August 12, 2009

Compassion Fatigue

It is Wednesday of my week long vacation. Today is the first day I did not begin the day by checking my work email or the office calendar. Although; I admit, I did eventually find myself doing so, I am happy to report that a majority of the events were sent to my “to do” folder. As I pen this entry I am glad to say that I am at the pool watching my son boy-bond via the cannon ball.

When I am with him I often wonder if I could do this full time, if being an at home mom was even in the cards for me. I know I am among the fortunate working mother’s as I have usually worked for an employer who allowed me enough flexibility in my schedule to still be an active mom. He is my priority. I think being an involved mom makes me a better human and that translates into my being a productive employee.

I travel the country making presentations. The most sought after topic is probably on burnout. I have had many counselors tell me horror stories about their places of employment where supervisors or systems insist on work obligations being the only priority. I understand that I hear stories from only one perspective, but it does cause me some concern. In a helping field where we dispense wisdom to clients related to balance why would we fail to do the same for our employees? For ourselves?

Now, I have had difficult employees who, even when given the time and tools to get the job done still do not. And they could very well be in workshops in some place telling a presenter about a crazed supervisor who expects too much of them.

Given the need for counselors but the complaints of so many employees and agencies I am brainstorming sensible ideas for the employee and the employer.

What does it take to be a successful employee and have longevity in this field? It is only my opinion but I believe first and foremost we must take care of ourselves. Even when working 40-50 hours each week there is time to take care of ourselves. A simple prayer, meditation or 12-step meeting could fit into a busy or rigid schedule.

As a working mother of an 8 year old I am still actively involved in my son’s life. I insist on it. I am a room mother in his school, I frequently take him somewhere overnight on the weekends, even if it is only to visit family. The change of scenery is an environmental impact that helps me see the difference between work and home.

I also stay committed to my involvement with my local professional association. I attend a monthly CEU luncheon for one hour. It is a recurring event on my office calendar. Many months I could easily skip it because of the business in my office but I attend anyway. I noticed each month that no one dies while I am out of the office for that short time and all of the obligations are still there for me when I get back. Being away is a much needed break and being with my peers is filling to me. Listening to the speaker adds information to my professional life and the bonus is a free CEU!

I also continue with supervision and consultation. Even when it is not a requirement, I find setting aside a few minutes to gain another perspective is enlightening. One of my favorite sayings is, “I already know everything I know. I need to know what you know”. I don’t know other ways to grow more quickly. Interestingly, two people I have learned a lot from in the last year aren’t even counselors. They are Executive Management members on the business side of the company I work. They bring a perspective that at one time I may not have had interest.

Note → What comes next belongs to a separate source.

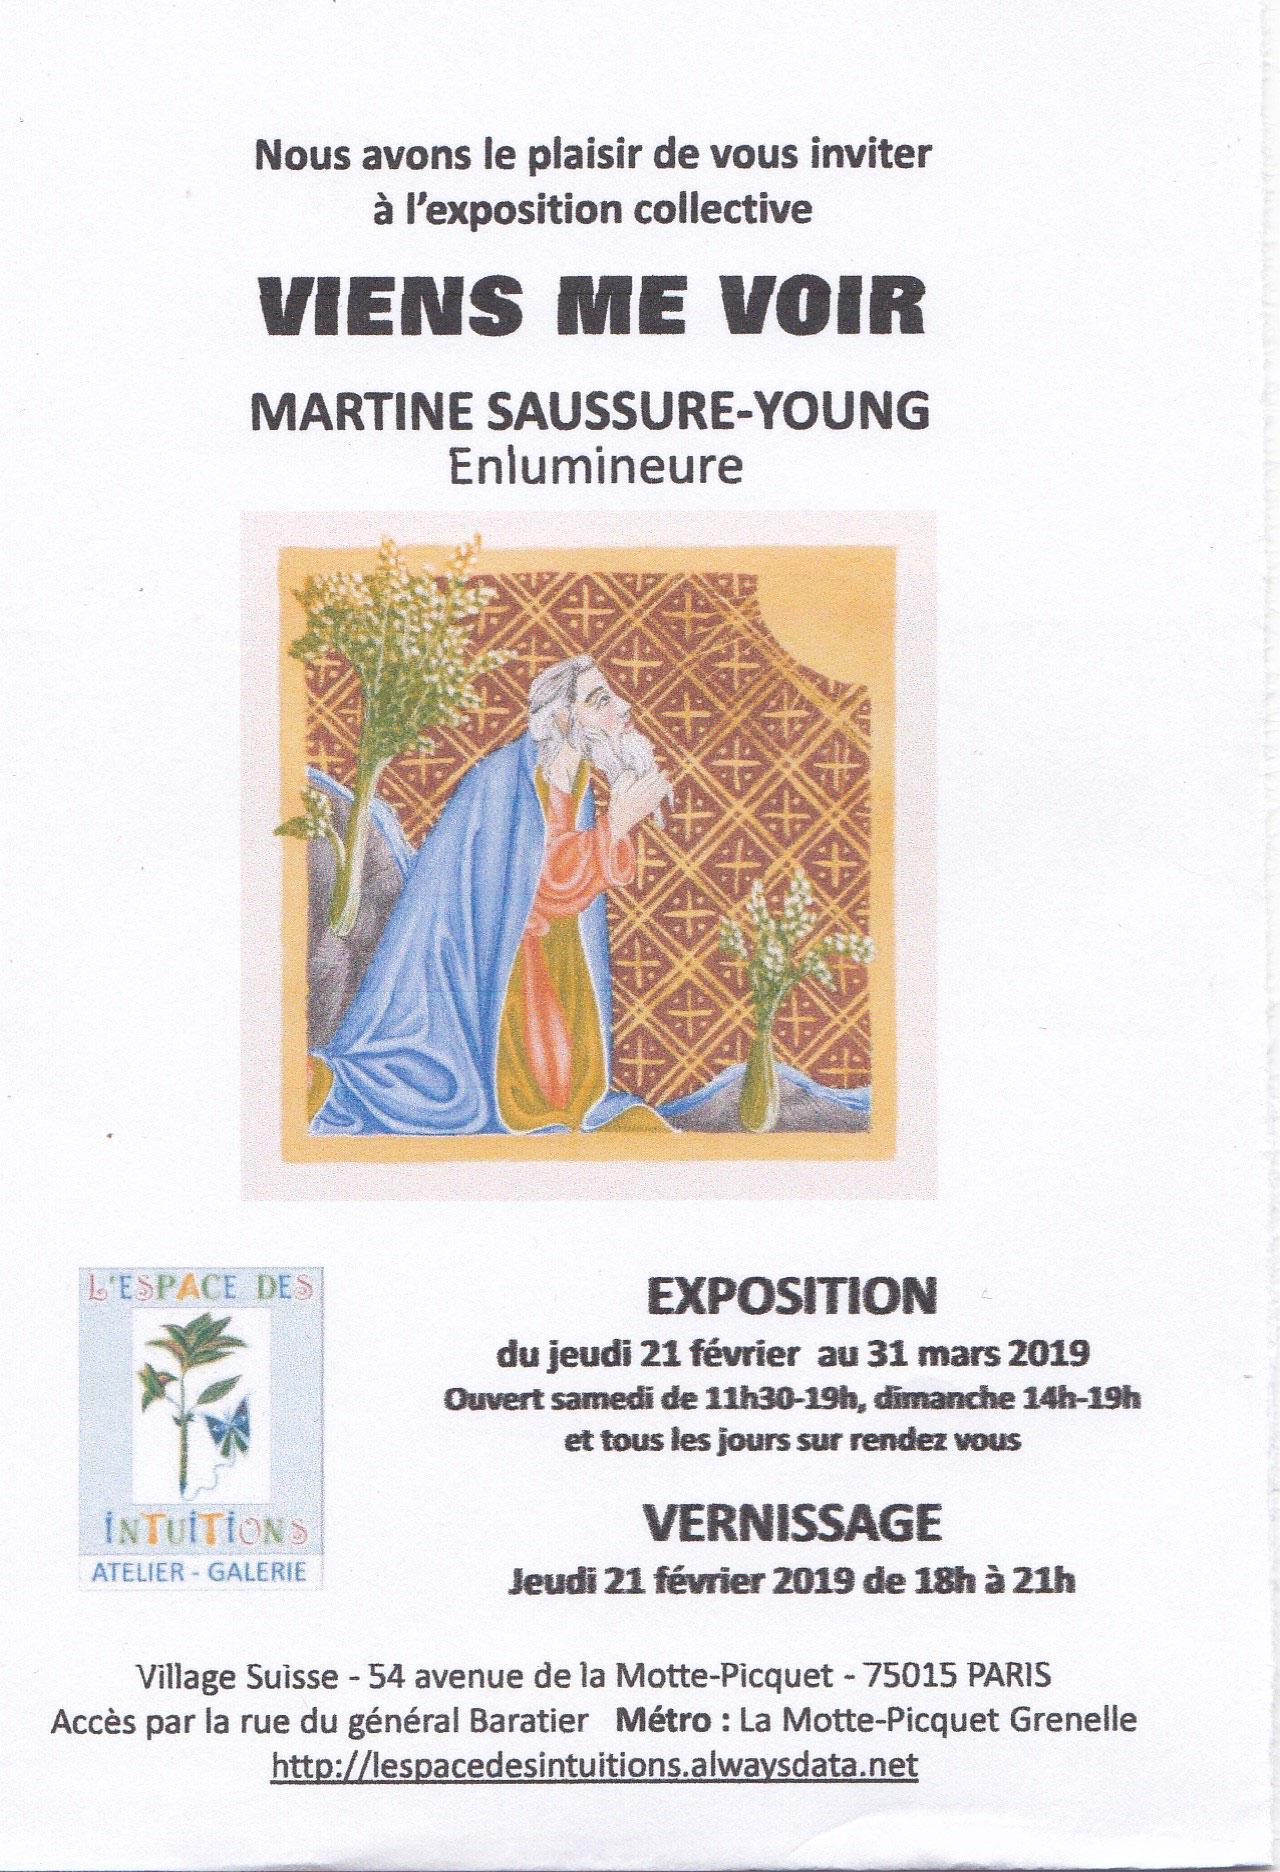 Vernissage 21 fevrier 2019 de l'exposition d'enluminures religieuses de Martine Saussure-Young

Therapy is another significant component of self-care I gift myself. Even when I have no “active issue” I go. Because I am busy I often go with a list. I jot things on the list from time to time that I want to cover and when I get there I get right to work. Writing is a cathartic event for me. Why wait? I tell clients to feel the fear and work it out anyway. Why shouldn’t I do the same? Leaving my issues at home is a must for my work. I don’t want my banker talking to the teller next to her about her problems with her marriage. Our clients deserve the same respect, courtesy, and energy from us.

As an employer there are several things I have found successful where I currently work. First is having a set schedule for counselors. That includes arrival and departure times. We also have scheduled lunches, scheduled preparation time before groups and scheduled time for paperwork afterward. To expect someone to get everything done in a day that is the state standard and not allow them time within their day is not productive.

Employers need also be considerate to allow their staff time within their work hours to attend an occasional training or simple CEU networking event. From a business point of view it really will pay off in productivity. A happy and balanced employee is generally more valuable in the long run. Besides, your employees are representing your agency while at these events. Marketing through employees who appreciate their employer is probably second in line to clients who are grateful for the services they received.

I also think it is a good idea to have an occasional “feel good” meeting where a staff member is openly valued and asked to contribute their ideas. Even sending the intermittent email praising something well done is helpful. Depart from the old idea that their paycheck is the appreciation. A kind word of praise will go a long way for most. Many in the workforce like the idea of a holiday party or even donuts at a staff meeting. It isn’t expensive or labor intensive to show thanks.

While time management can be an issue for counselors who favor client contact over client documentation, providing the tools and time needed to complete the job is paramount. All counselors know, at some level, that there will always be more work than hours in the day. When reasonable time is allowed to complete a task a more fair assessment of the counselors’ ability can be made.

Balance remains the key, personally and professionally.

Now I think I see a need for another participant in a game of sharks and minnows.